Pictures aside, can you reproduce the records word for word?

# [Exercise materials]
= Beginning of Section =

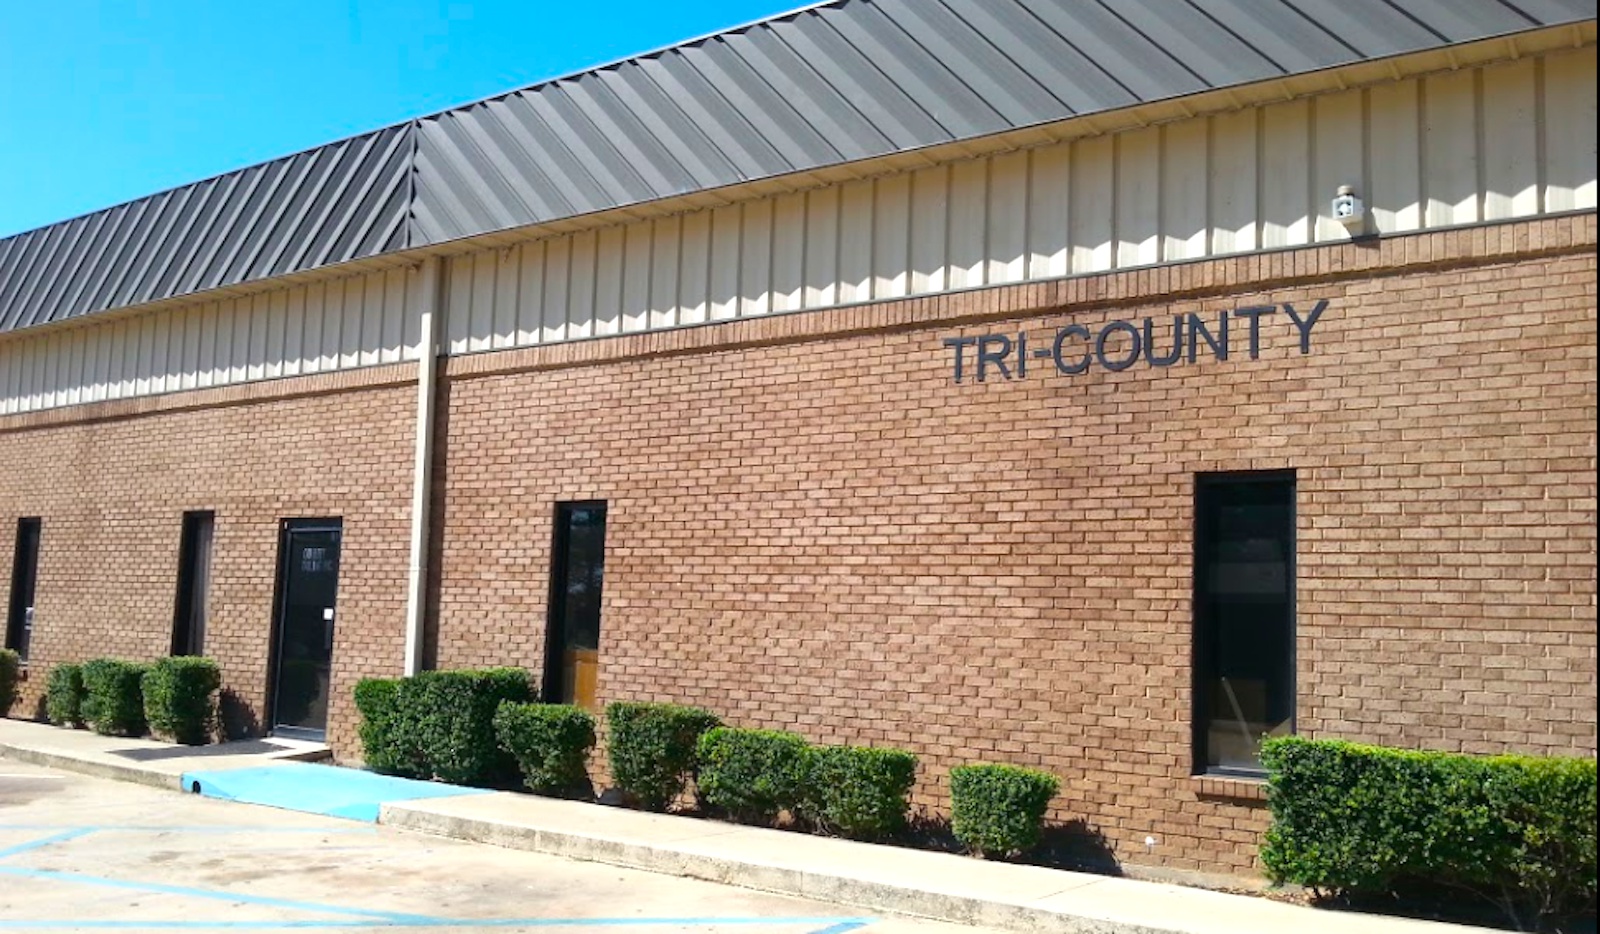 New Season - Tri County Treatment Center cover
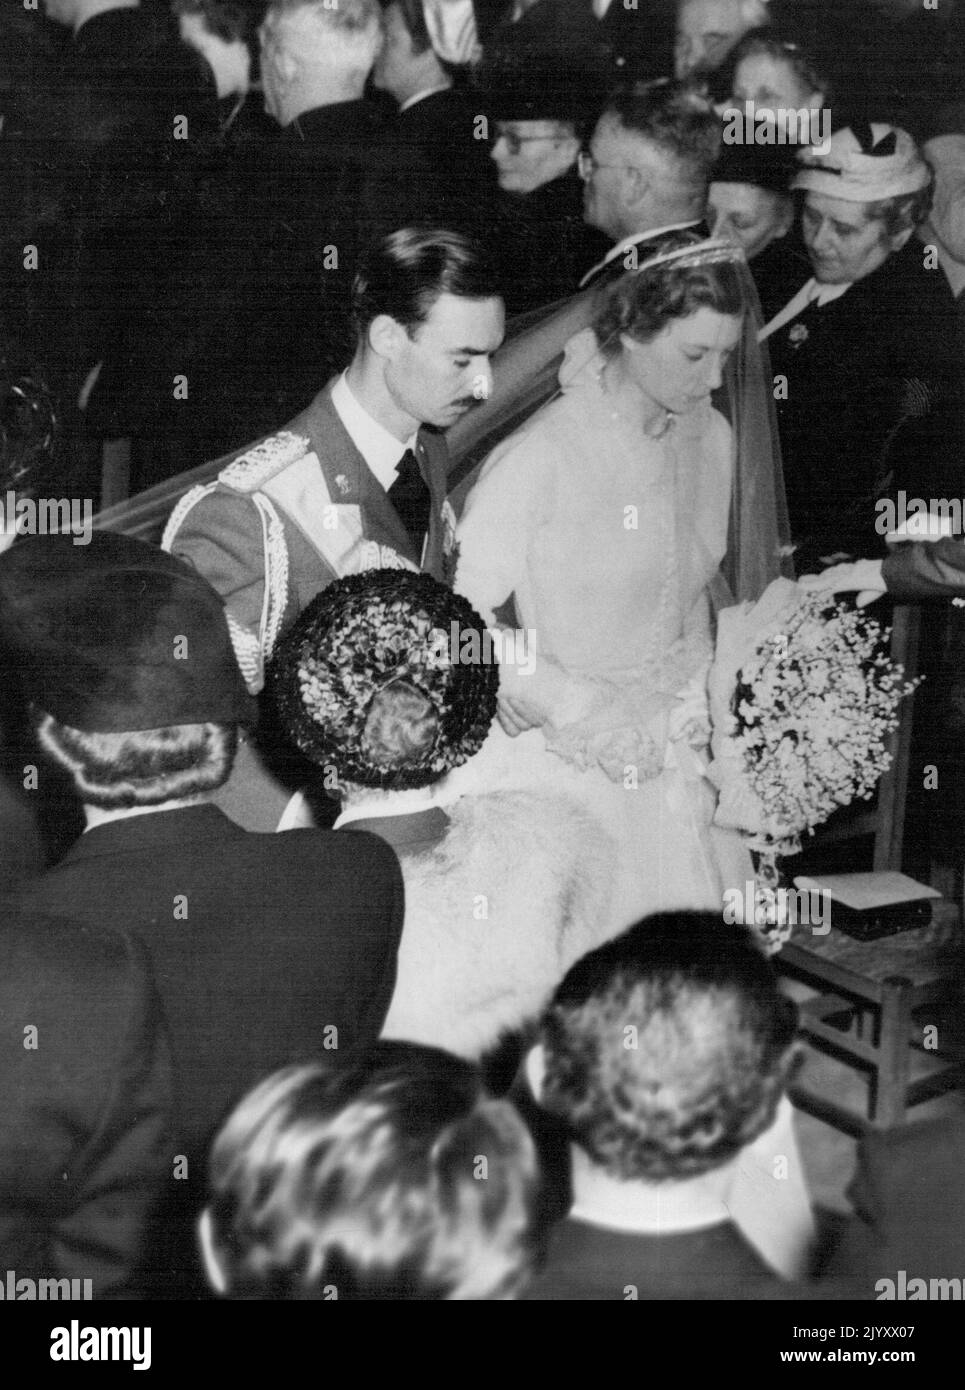 Ein Prinz und seine Prinzessin Braut. Prinz Jean von Luxemburg und seine Braut, Prinzessin Josephine-Charlotte von Belgien, gehen hier nach ihrer Hochzeit den Gang der Kathedrale entlang. 9. April 1953. (Foto von United Press Photo). Stockfoto
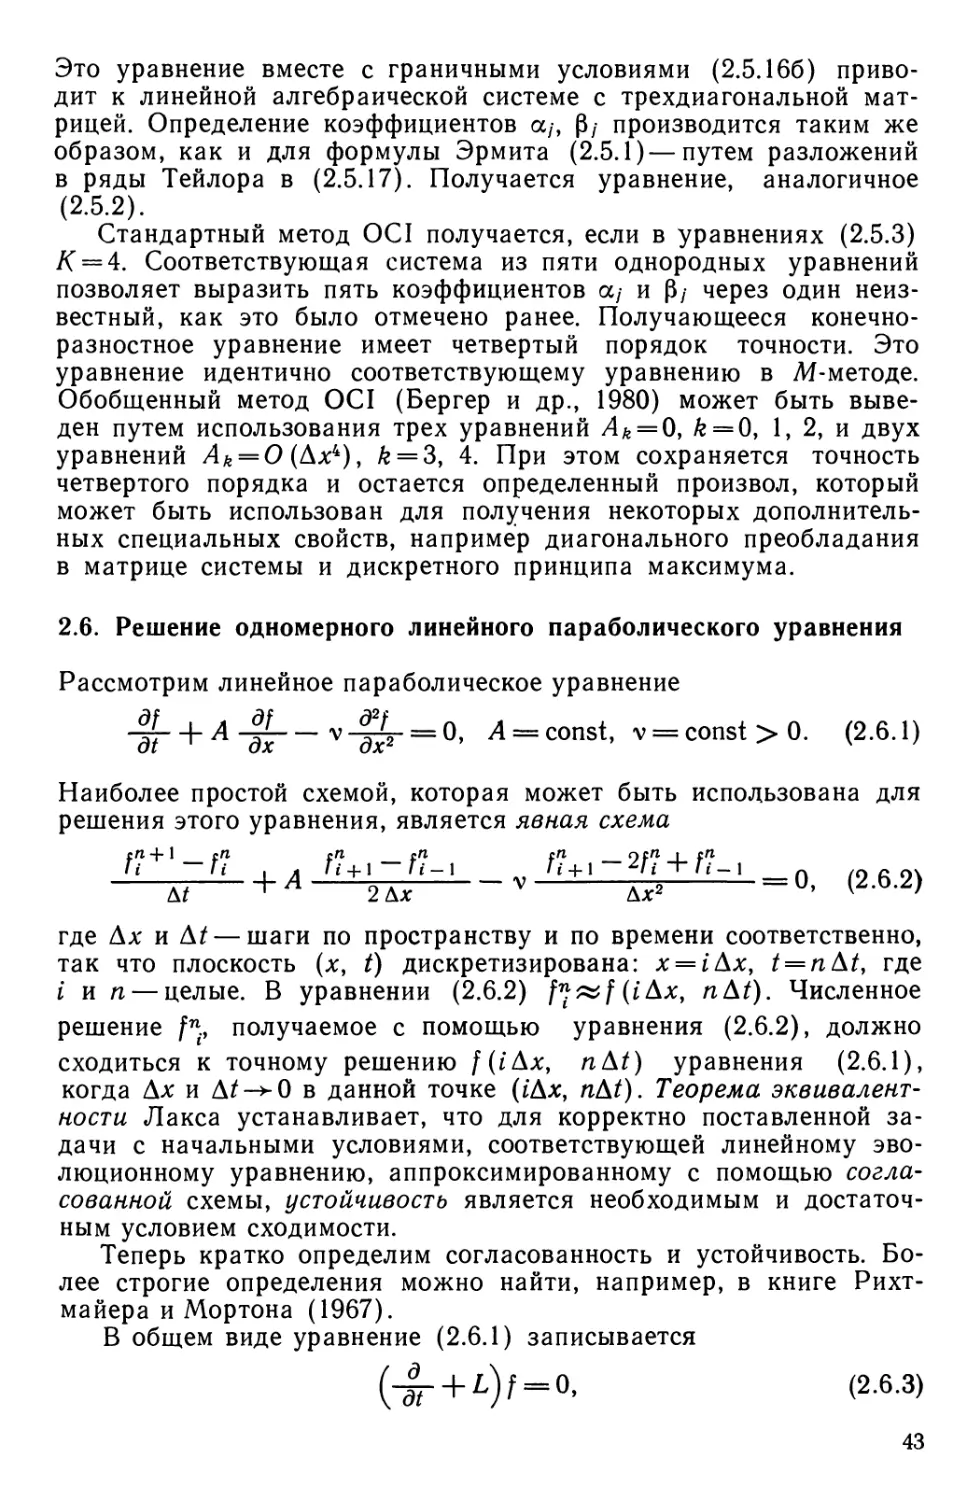 2.6. Решение одномерного линейного параболического уравнения
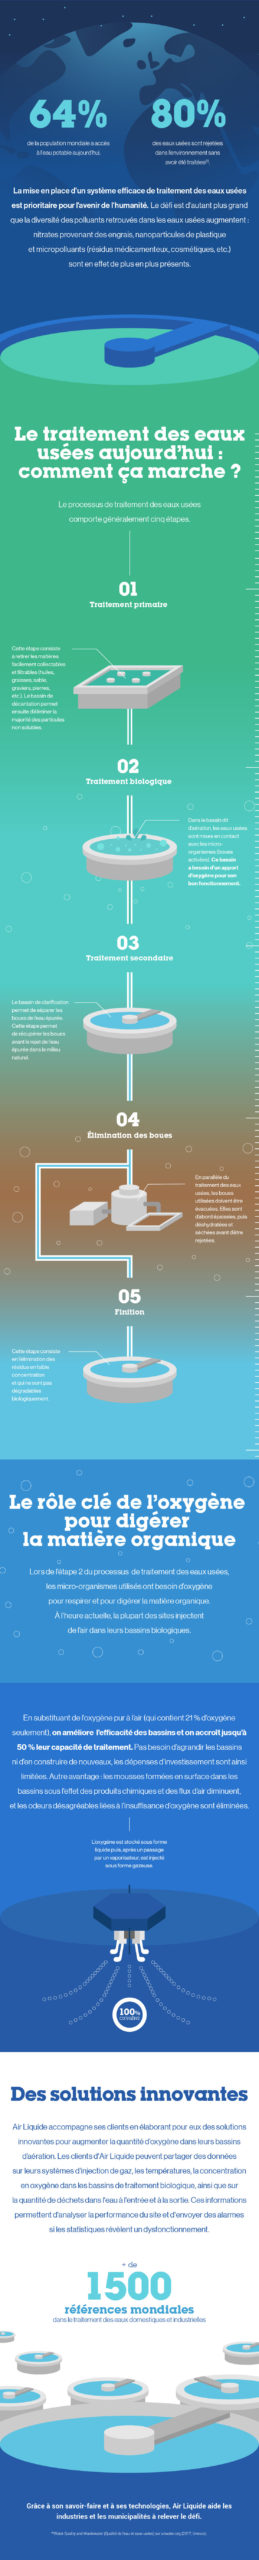 Infographie traitement des eaux
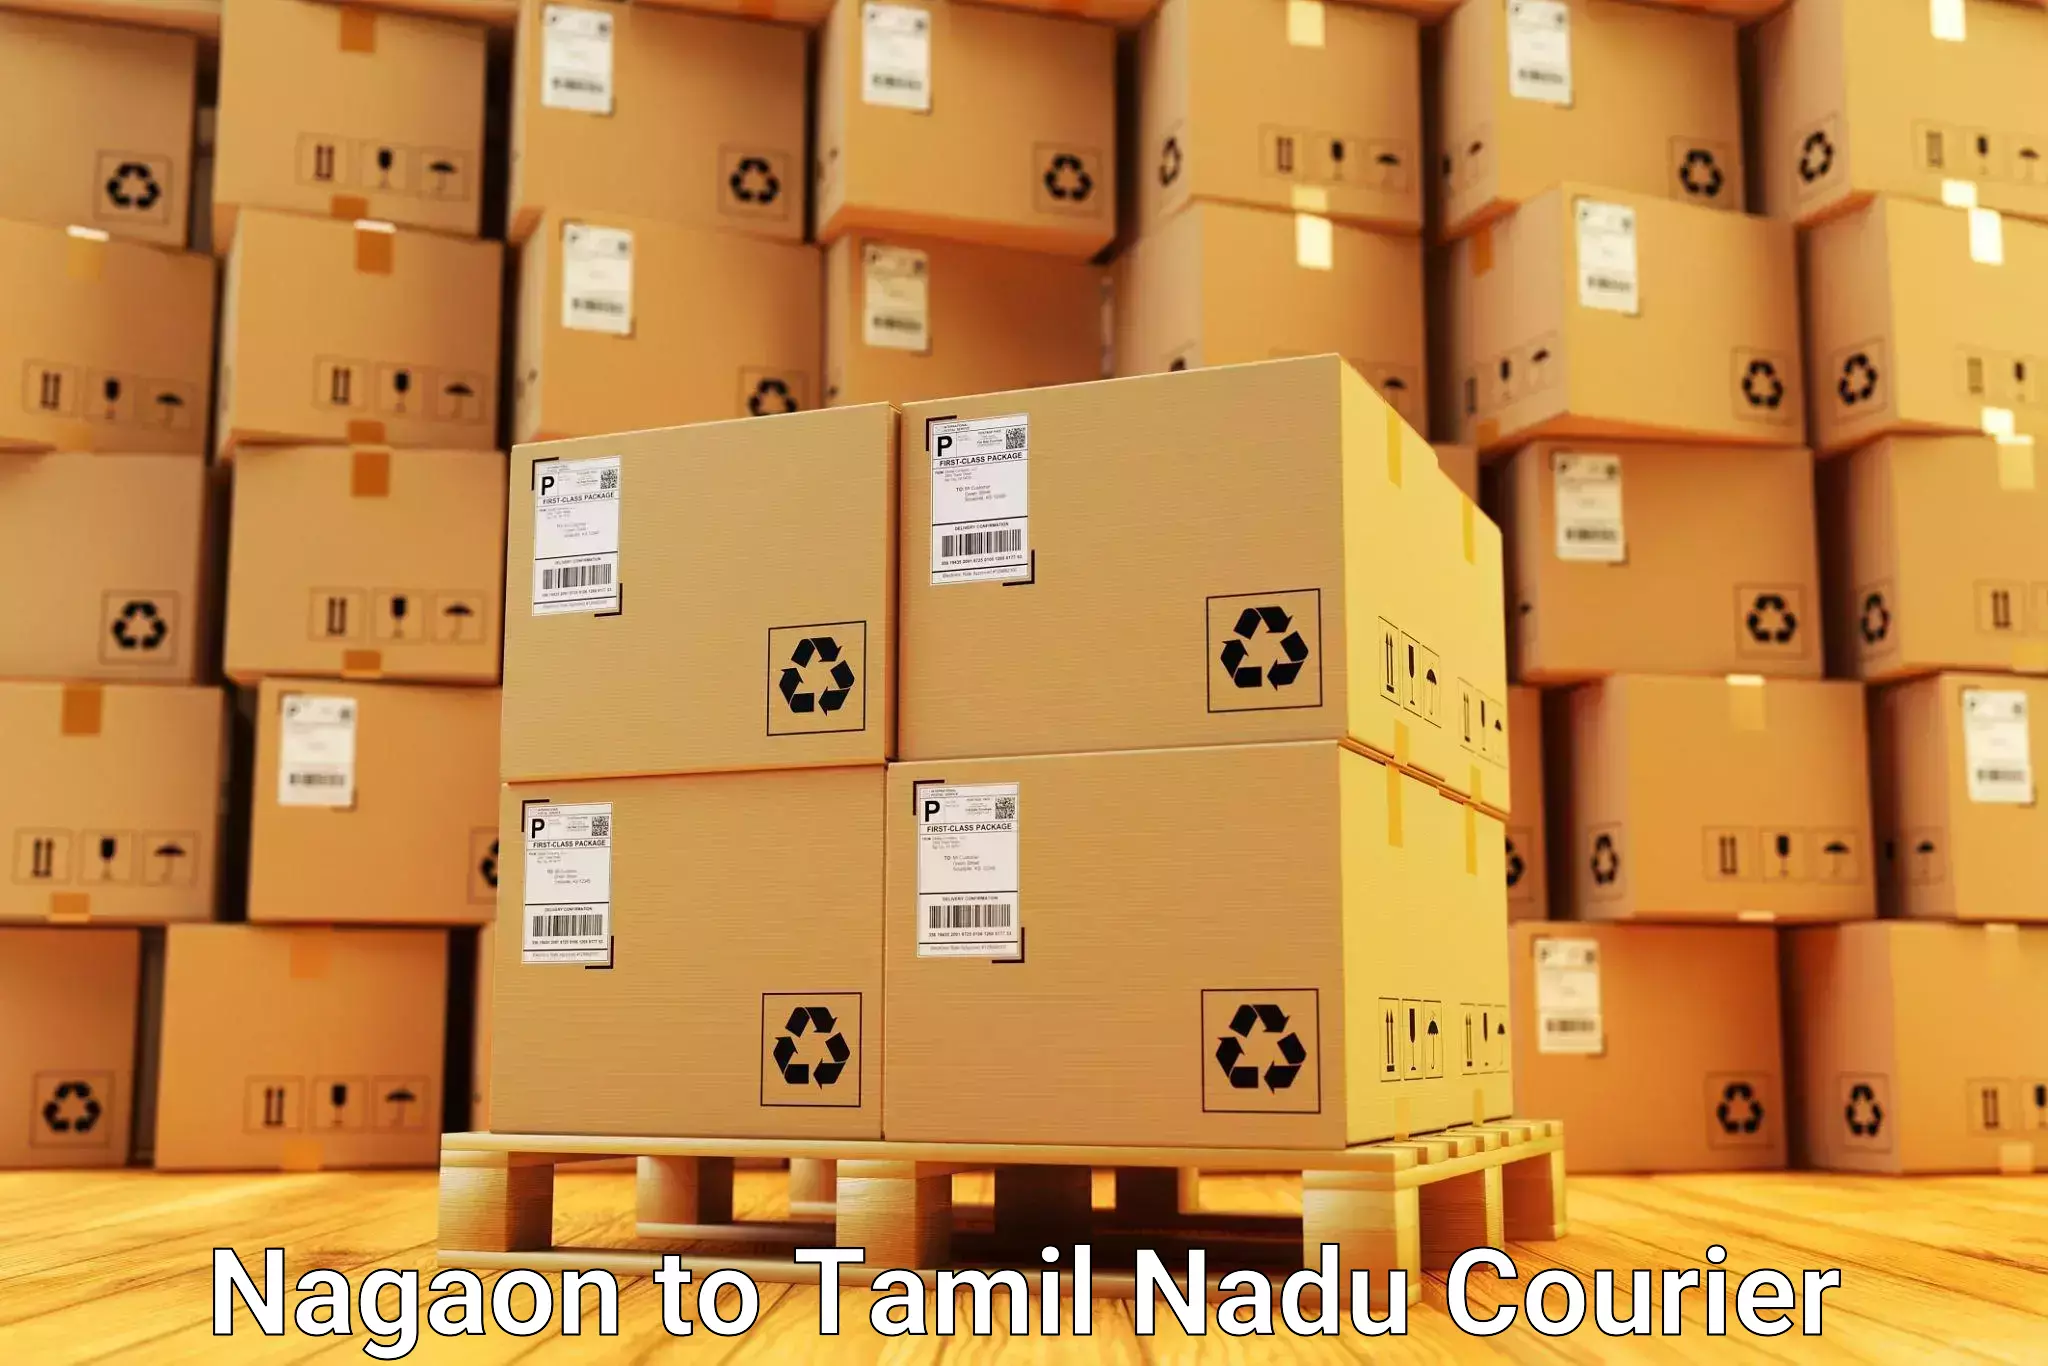 Moving and packing experts Nagaon to Mettupalayam
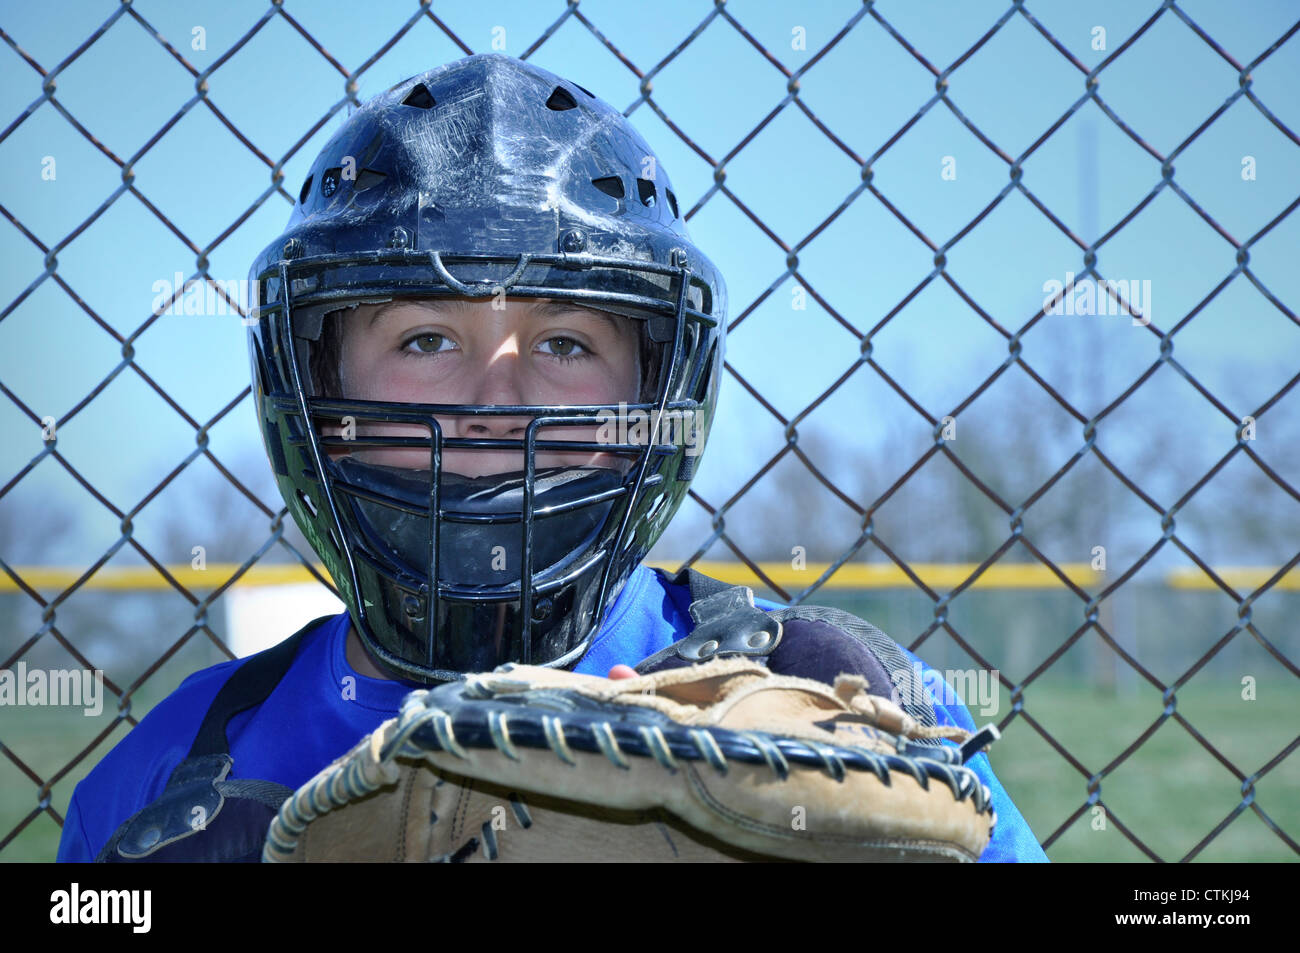 Nahaufnahme Foto von einem jungen Baseball-Catcher tragen Maske und chestguard Stockfoto

= End of Section =

# [Written response]
 New Season - Tri County Treatment Center cover
 Ein Prinz und seine Prinzessin Braut. Prinz Jean von Luxemburg und seine Braut, Prinzessin Josephine-Charlotte von Belgien, gehen hier nach ihrer Hochzeit den Gang der Kathedrale entlang. 9. April 1953. (Foto von United Press Photo). Stockfoto
 2.6. Решение одномерного линейного параболического уравнения
 Infographie traitement des eaux
 Moving and packing experts Nagaon to Mettupalayam
 Nahaufnahme Foto von einem jungen Baseball-Catcher tragen Maske und chestguard Stockfoto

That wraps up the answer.